* **PROBLEM DESCRIPTION**:
For this exercise, please transcribe exactly and only the lines from the one containing "Här berättar de" through the end of the material, both ends included, without pictures.

* **PROVIDED MATERIAL**:

********************

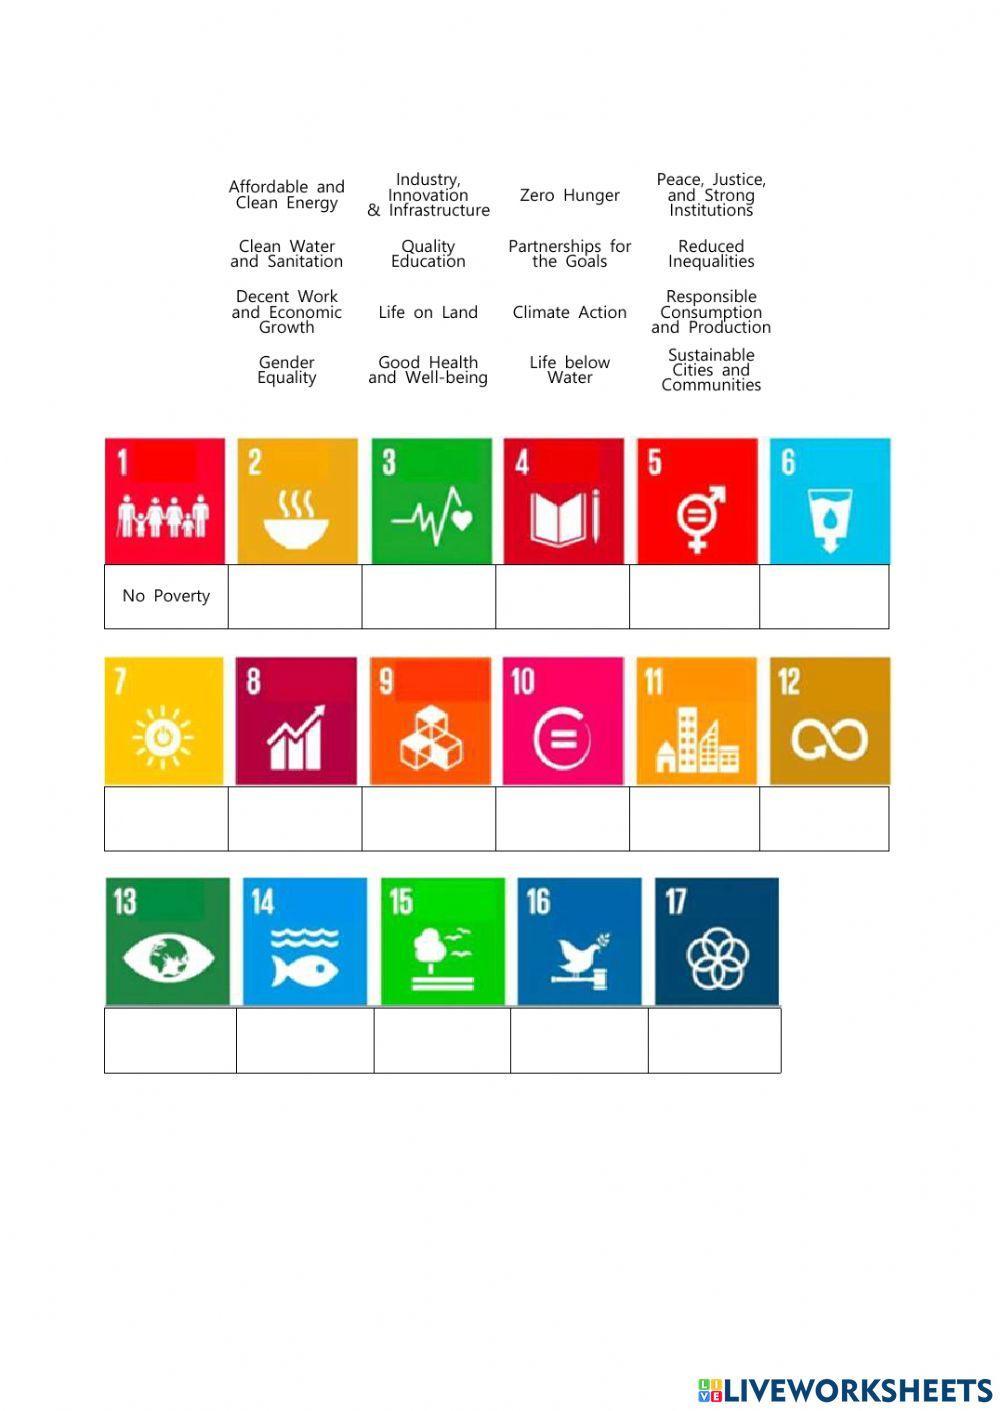 SDGs goals
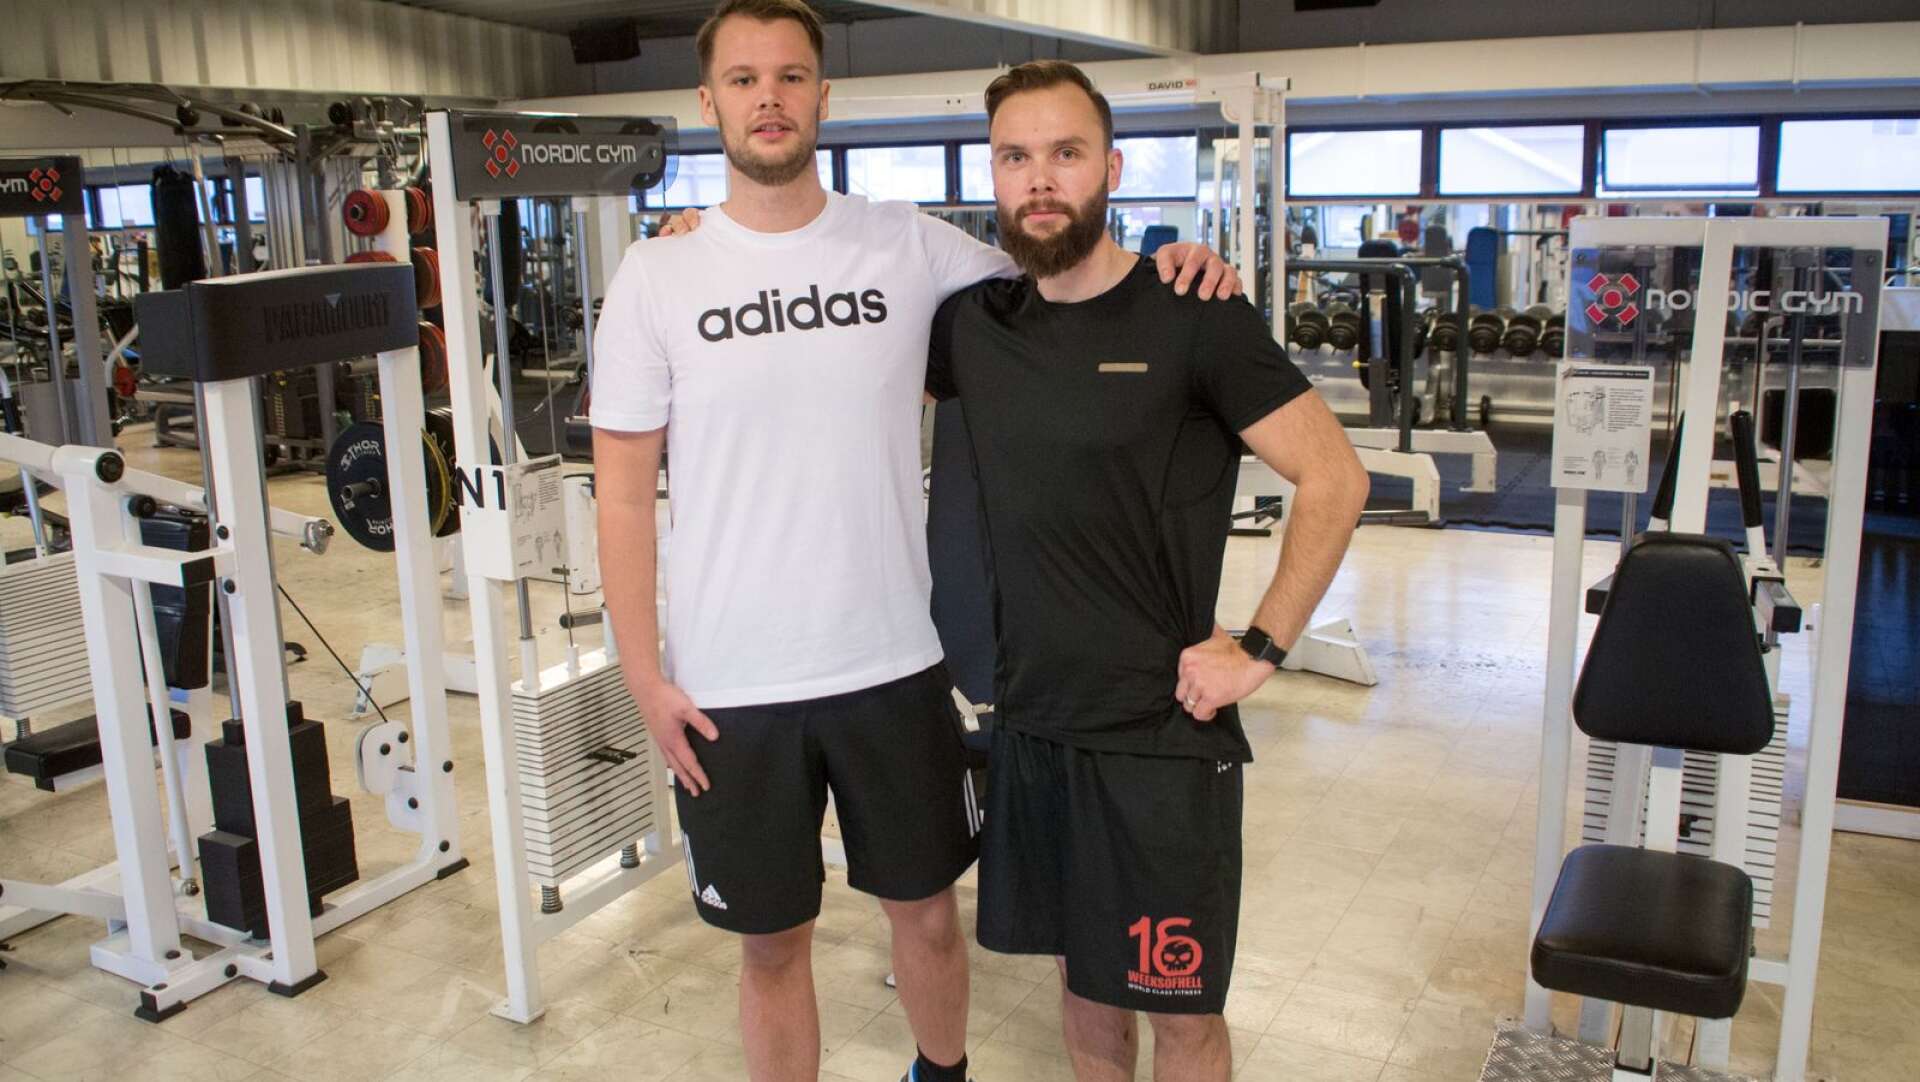 Fredrik Narvelid och Petter Gustavsson har peppat varandra för att klara av 84 gympass, 112 powerwalks och en snål kost under 112 dagar.  
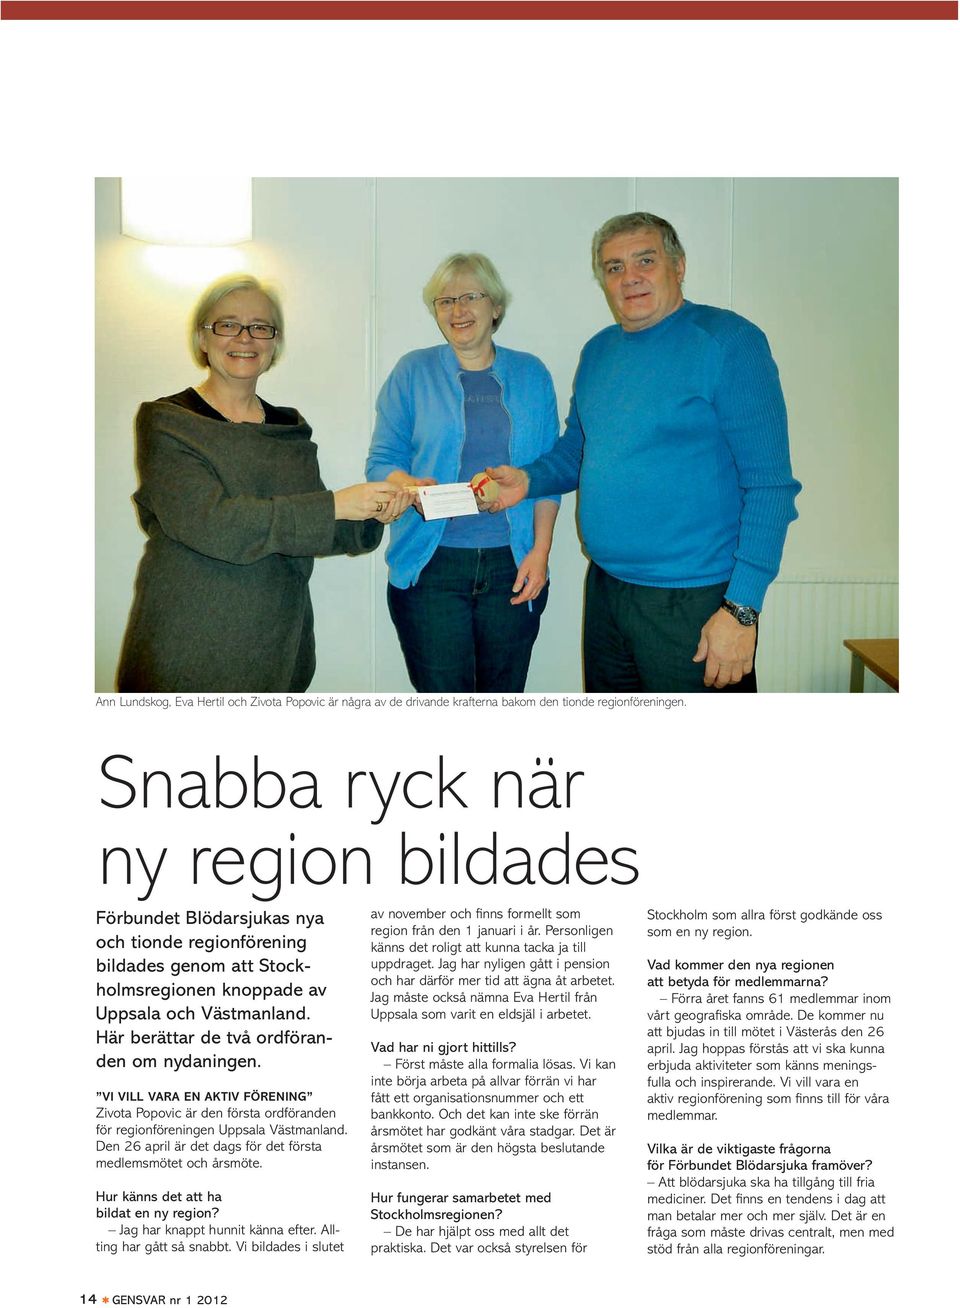 Här berättar de två ordföranden om nydaningen. Vi vill vara en aktiv förening Zivota Popovic är den första ordföranden för regionföreningen Uppsala Västmanland.
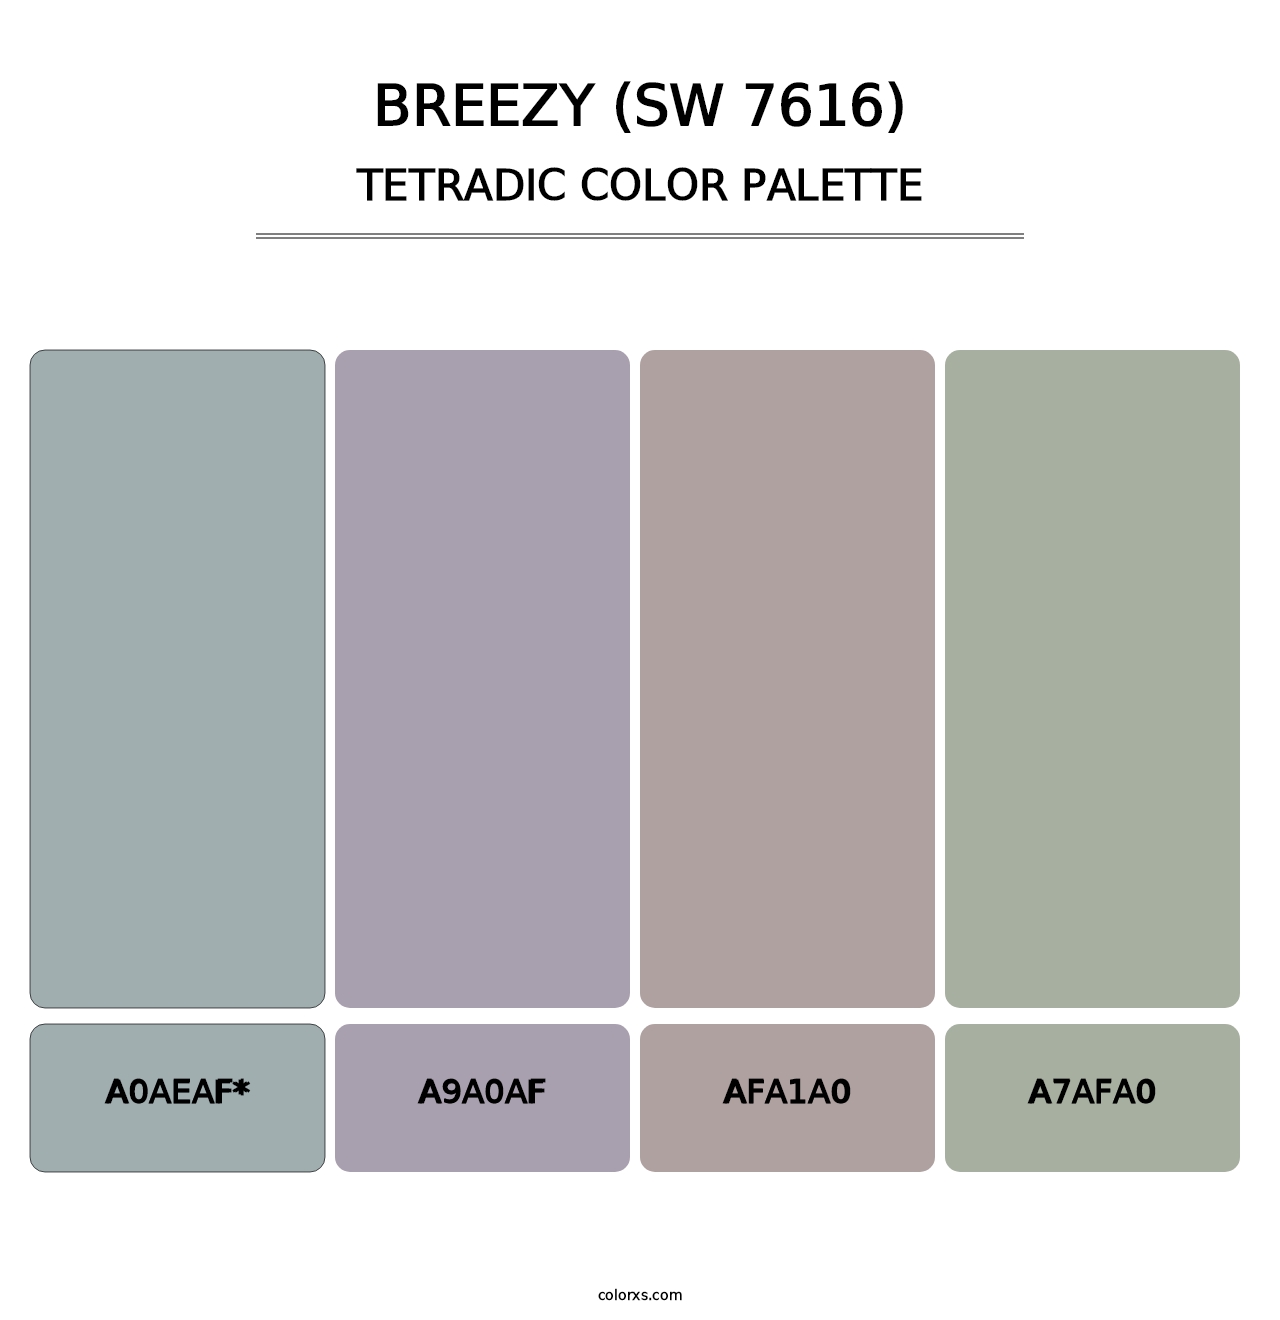 Breezy (SW 7616) - Tetradic Color Palette

********************

* **ANSWER BOX**:
 Här berättar de två ordföranden om nydaningen. Vi vill vara en aktiv förening Zivota Popovic är den första ordföranden för regionföreningen Uppsala Västmanland.
 Breezy (SW 7616) - Tetradic Color Palette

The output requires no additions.